The nearly identical data format for label-free and stable isotope labeled data enabled the direct comparison between the relative precisions in quantitation for the two approaches. We first examined the consistency of peptide profiles for a given protein obtained between the two approaches. In general, we observed that the relative abundance profiles of labeled data were more closely correlated for different peptides originating from a given protein compared to the label-free data. Figure 4 shows an example of the relative peptide abundance profiles across the 18 patient samples, where the seven common peptides originating from the C-reactive protein were shown for both the labeled and label-free data. As shown, the isotopic pair data (Figure 4A) provided significantly better consistency for different peptide abundance profiles or better precision in relative abundance measurements compared to the label-free data (Figure 4B); however, more missing data points were typically observed in the stable isotope labeled pair data compared to label-free data. Overall, the averaged protein abundance profiles between the stable isotope labeled and label-free data were well-correlated.

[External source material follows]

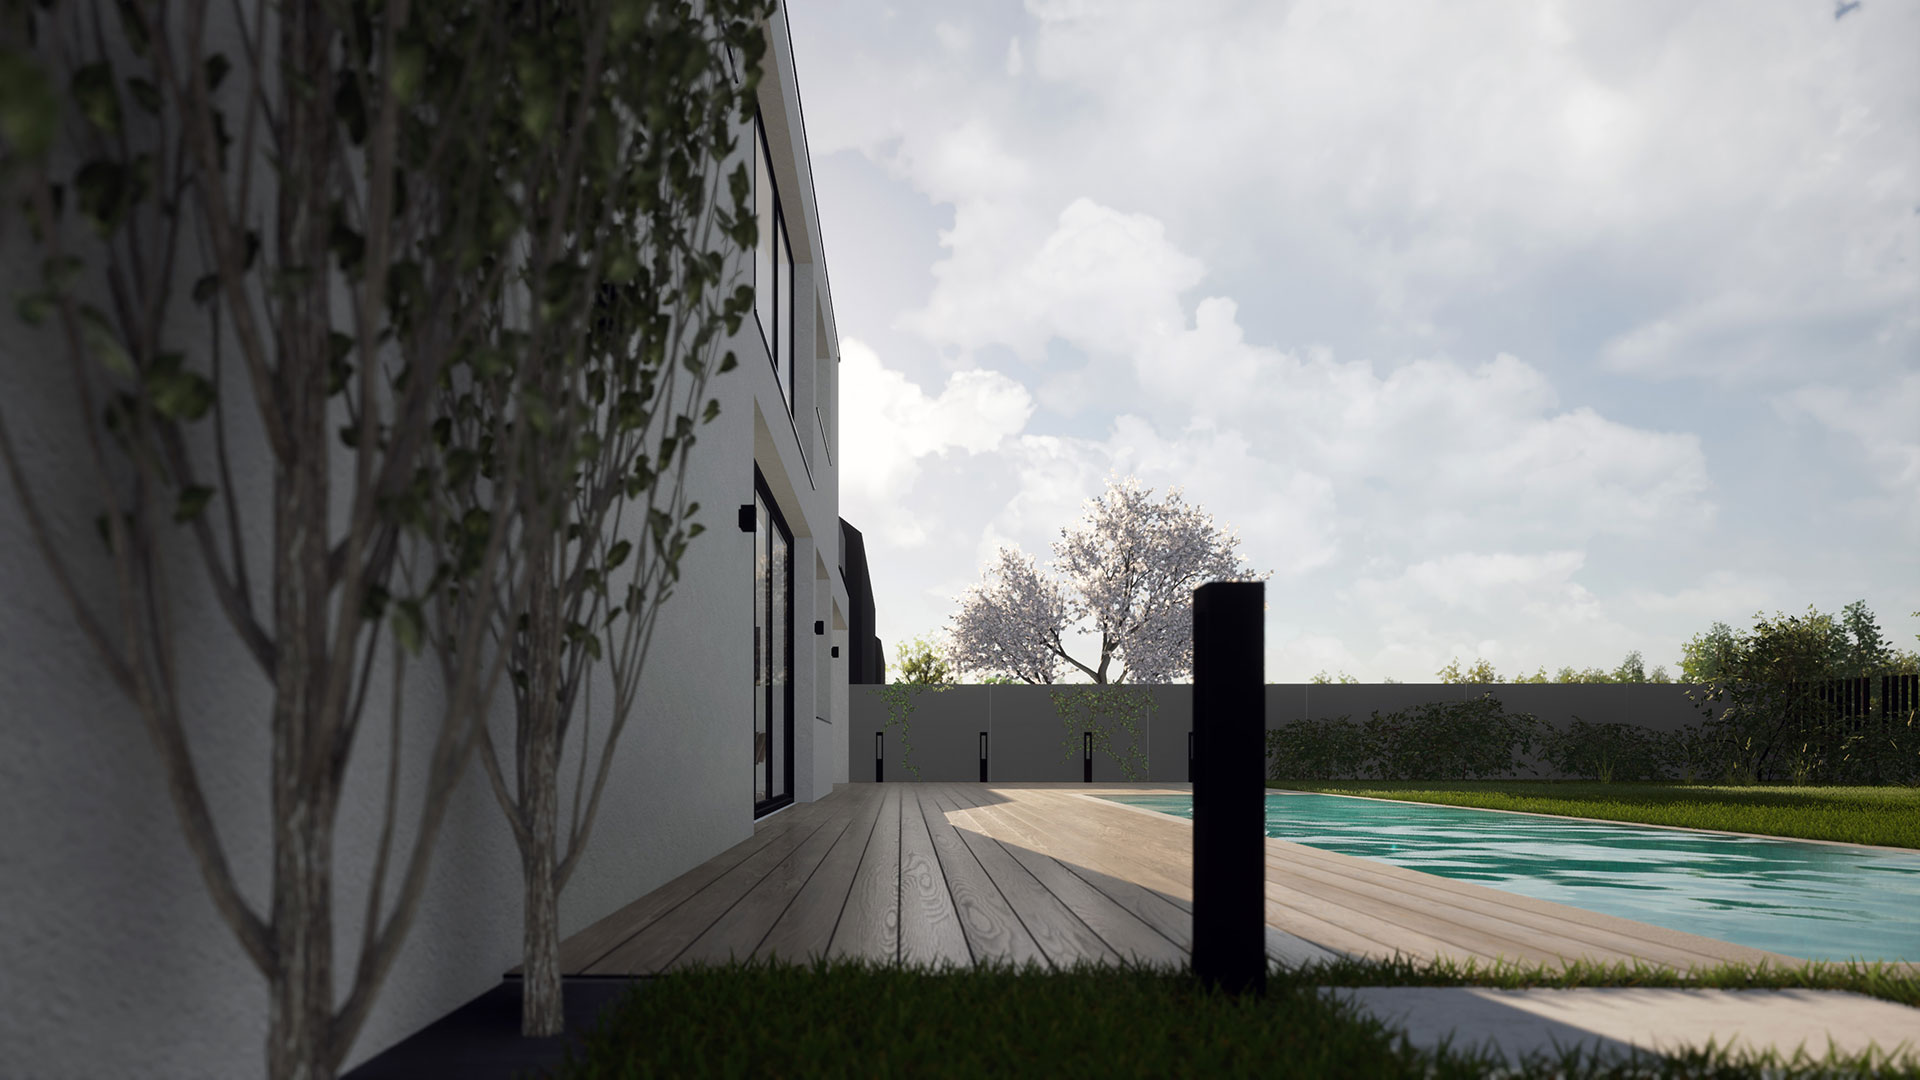 Stanovanjska hiša SSM - pogled
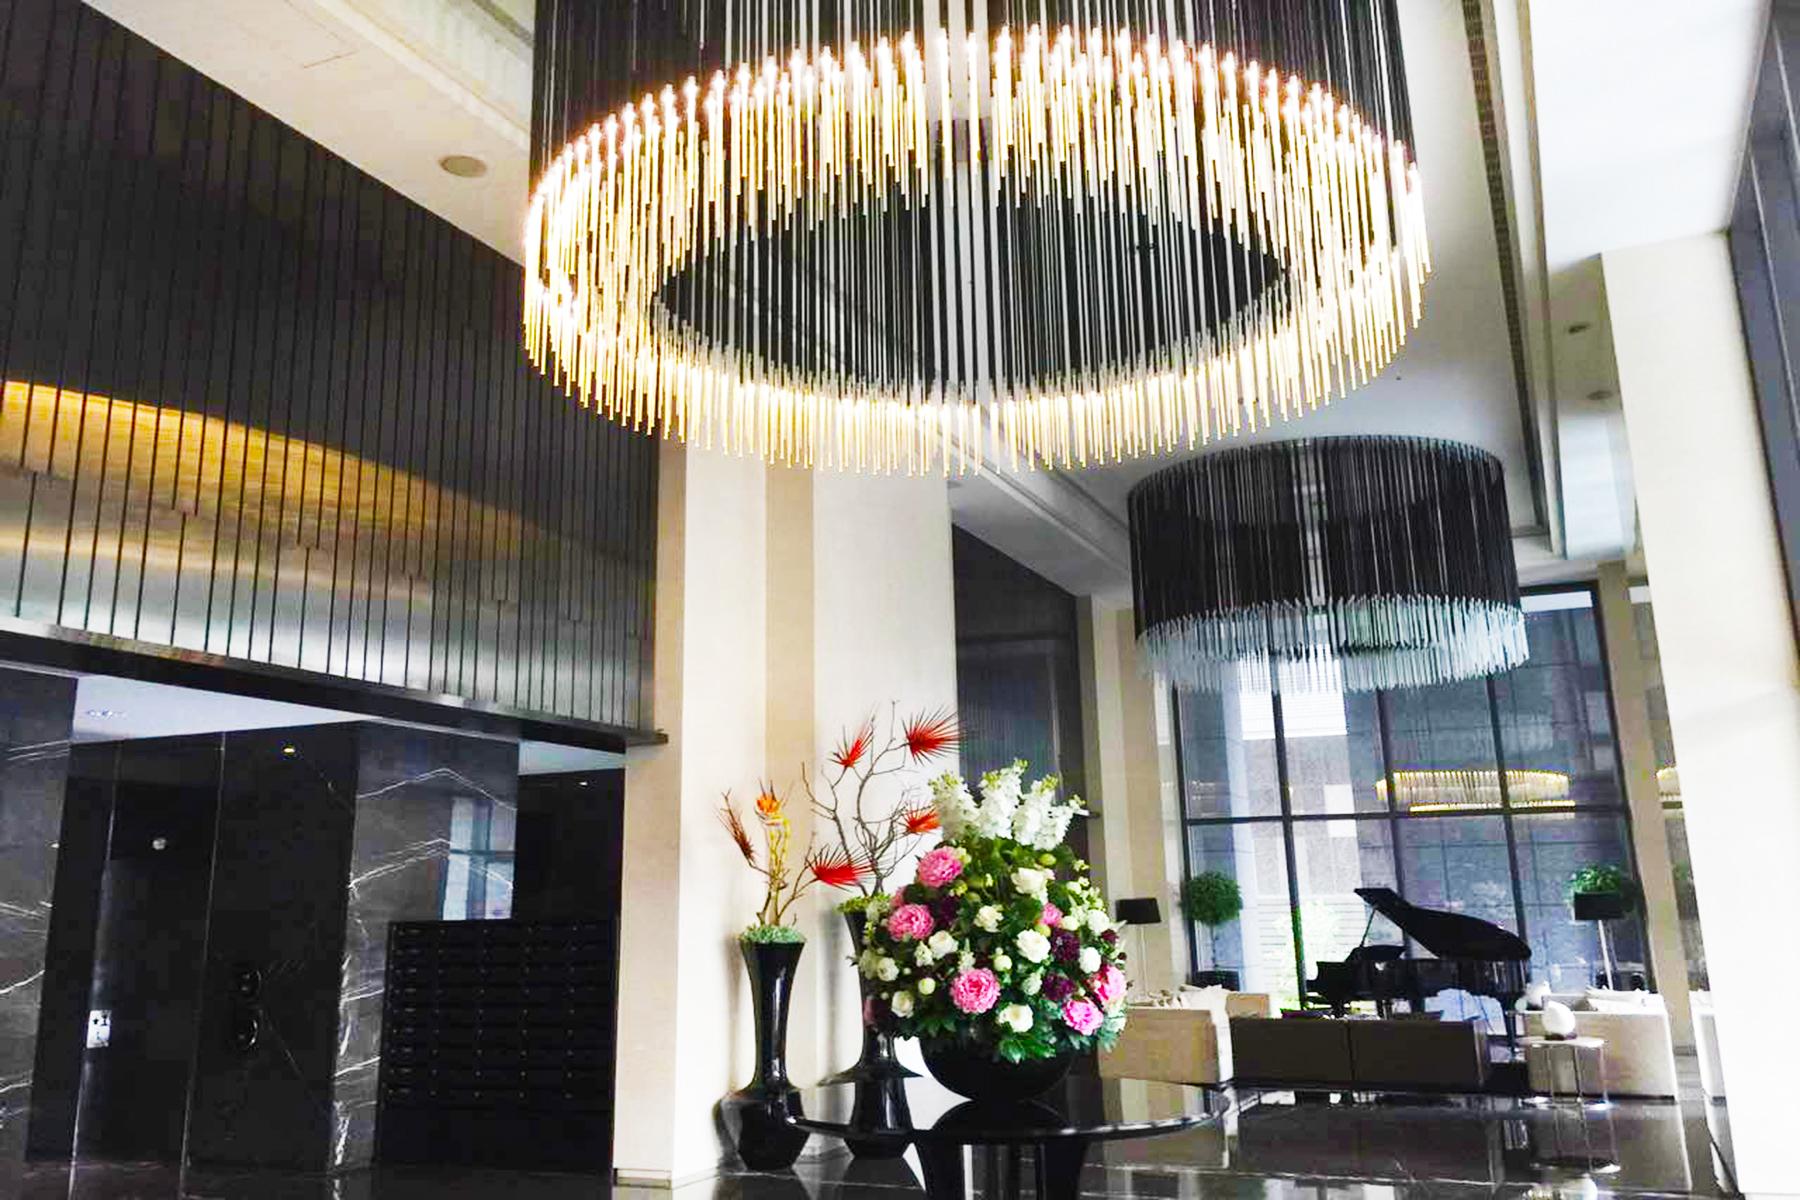 Property For Sale at Shizheng N. 1st Rd., Xitun Dist.

The quantitation performance was further compared based on the measurements of the relative abundance differences between two samples. Figure 5 shows the relative abundance changes in Log2Ratio to compare two selected patient samples based on the labeled (Figure 5A) and label-free (Figure 5B) data (only proteins with two or more peptides are shown). The standard deviations for each protein (derived from different peptide abundance ratios from the same protein) are also shown. The labeled data showed much tighter standard deviations for the majority of proteins compared to the label-free data, again confirming better precision in quantitation for the labeling approach. Nevertheless, the label-free approach quantified more proteins from the same two samples compared to labeled paired data. Figure 5C further compares the distribution of coefficient of variances (CV) values for the quantified proteins in the 18 samples where the CV values were calculated based on the variations among the different peptides originated from a given protein. A majority of proteins were quantified with 5–20% CV based on the stable isotope labeling approach; while a majority of the label-free quantified proteins have CV ranging from 20% to 50%.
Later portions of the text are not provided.